A finger tap of blanks reveals resonance - the wood sounds a note after the tap - not like a marimba, but a lower ringing pitch. Dead wood like beech will generally make a thwack, though even beech may become musical if it gets old enough.

Maple is far more resonant than beech, thus you don't generally see beech on good guitar necks.
 
so, I have to decide on body wood. I've already got four pre-cut les paul body blanks (that I cut and set aside as future light weight high resonance les paul special types). They are one piece honduran, but they came from a supplier here in the states who showed a nice clean flatsawn (quartered would be great, but that's not common with honduran these days, especially not in suitable density vs. heavy heart type that's good for furniture) piece and then sent something that was cut right next to the pith, and I don't want to spoil the rosewood with that.

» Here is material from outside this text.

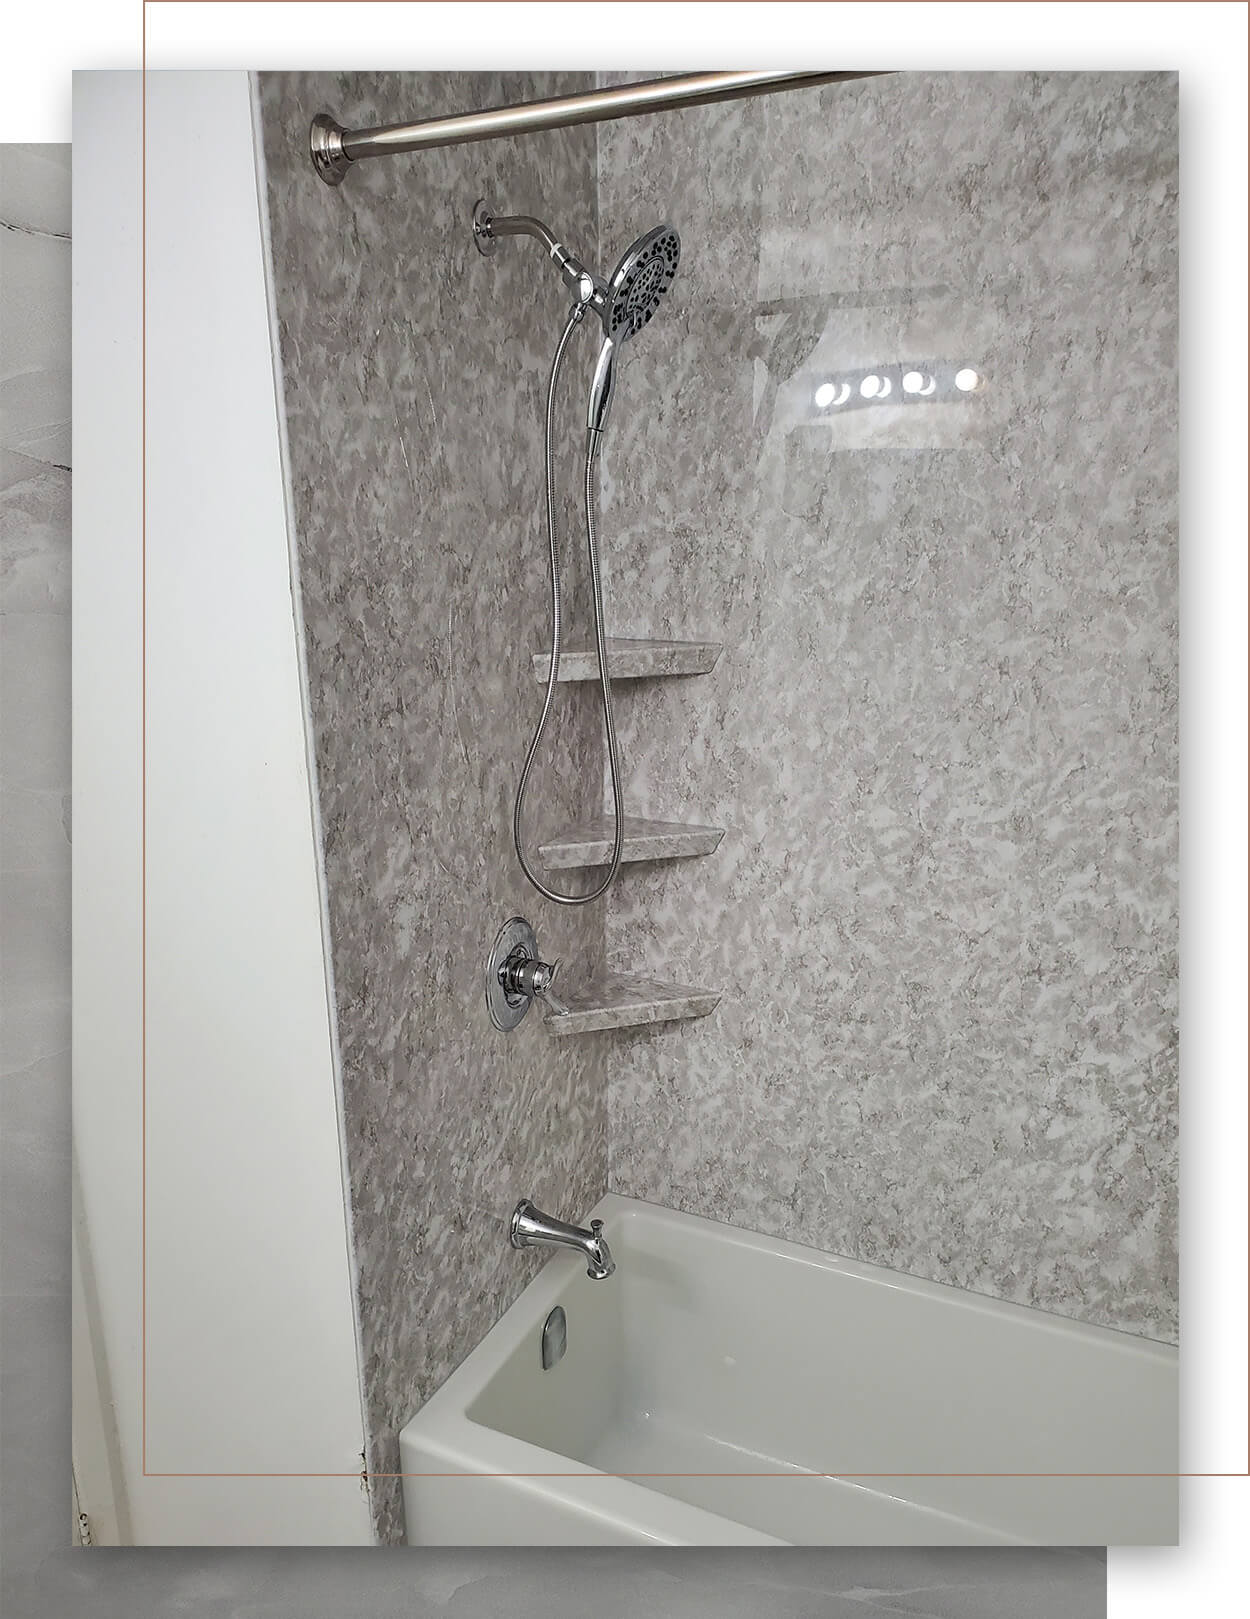 nan fiber wallboard in a shower

I don't think limba will look right with this, and I also don't like to stain things, but I have a very suitable piece of limba in the right density range - I got it two years ago when some guy was selling wide limba on ebay. $170 for a board big enough literally to make three guitar body blanks and still make a couple of guitar necks.

So, having never actually seen it yet (never took it out of the box, which keeps it from getting filthy) other than the listing picture, I busted it out. It varies between dead quartered and 10 degrees off. So, quartered by anyones' reasonable definition.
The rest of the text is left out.